Clip In Filters for Sony and Canon Full Spectrum Cameras
Recently a couple of filter manufacturers have developed a new style of filter that clip into the lens mount of certain cameras rather than screwing to the front of the lens. They are only available for the Sony A7/A9 series of full frame cameras and the Canon EOS M and M3 from STC and Astronomik. They are not exactly cheap, but may actually work out more economical than buying several filters of different sizes to cover a few lenses. They do offer several advantages over lens filters, the main one being convenience as you don't have to swap filters when changing lenses especially if using a normal camera at the same time. Astronomik do a range of specialist filters for Astrophotography of which the light pollution filters will be of most interest. STC do 590nm, 720nm and 850nm IR passing filters for general IR photography, which give Full Spectrum cameras all the flexibility advantages of Full Spectrum with the convenience of a specifc wavelength conversion. STC also do a Cilp In UV/IR Cut filter which unlike ones that go on the front of the lens do not suffer from colour shifts in the corners when used with wide angle lenses, I have used lenses down to 15mm with little or no corner colour shift. STC do a range of UV/IR Cut filters with cuts at 595nm to 625nm, I use a 615nm and find that the Auto White Balance works fine and is 99% of a normal camera. Because of the ease of use and simple changing of these clip in filters it allows, for the first time, the reality of just having one camera to do UV, Visible or IR without compromise, its a real game changer!!

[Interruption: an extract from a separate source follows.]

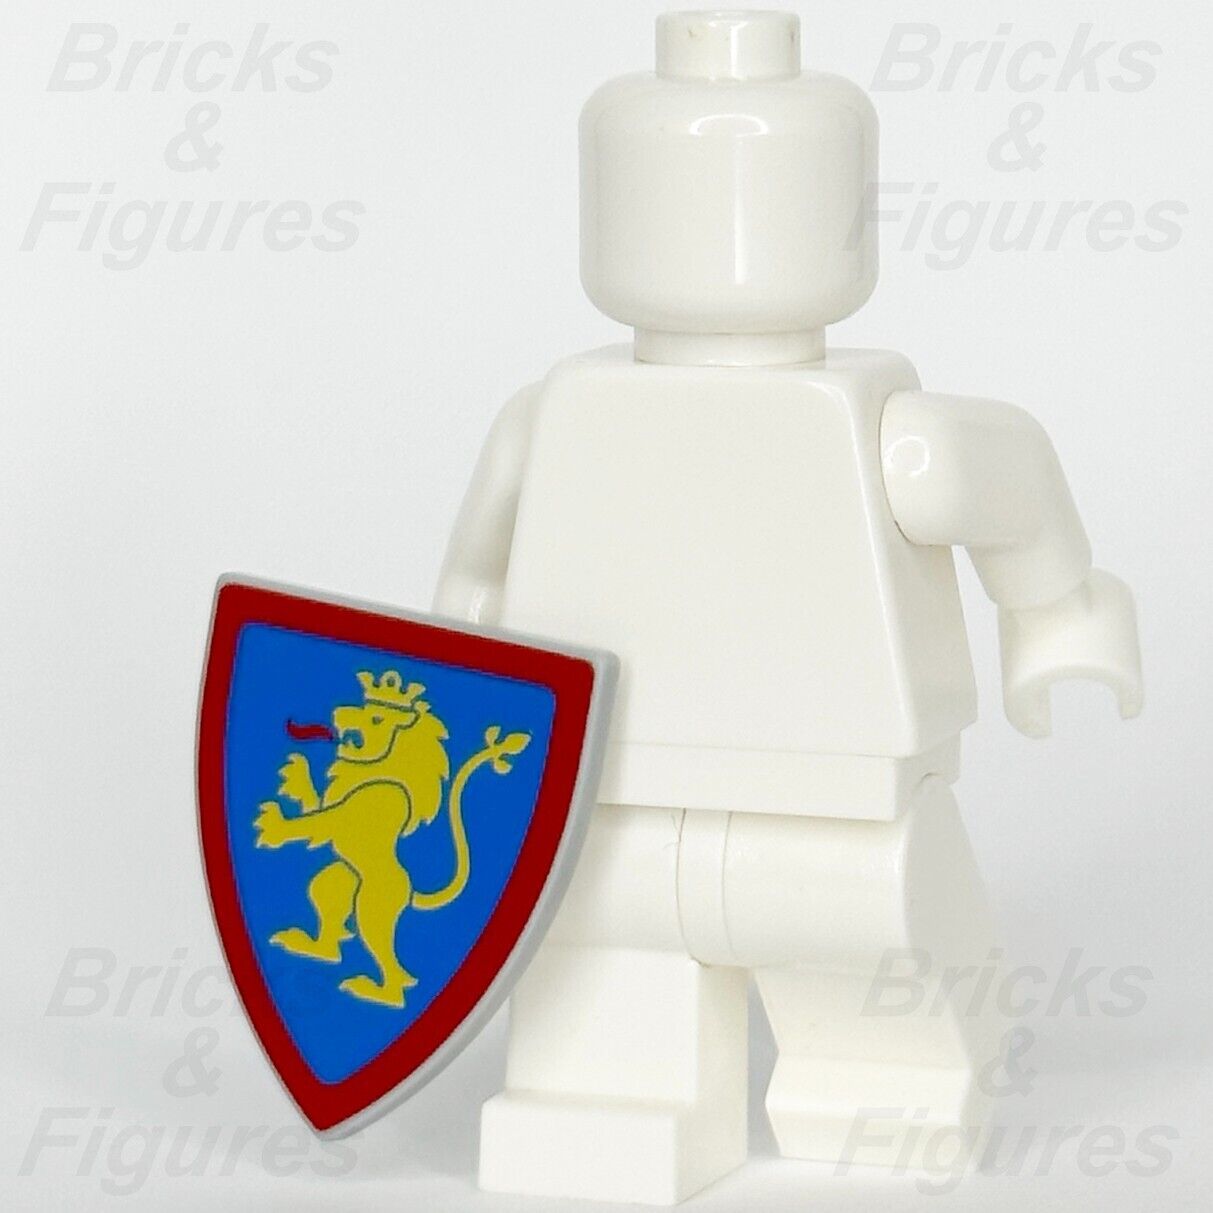 LEGO Castle Lion Knights Shield Minifigure Weapon Part Yellow Lion 10305 x 1 - Bricks & Figures

The Photo on the Left above shows a Sony A7II full frame mount with sensor below, the photo on the Right shows the same camera with a STC 720nm Clip In Filter sitting just above the sensor and 2-3 mm below the level of the electronic lens contacts. No Sony NEX, FE or E Mount lens should ever protude into the mount past that little ridge below the electronic contacts, but some very specialised lenses via an adaptor may, so be very careful if using Biogon style lenses, if any of the lens protudes back past the mechanical parts of the lens mount!!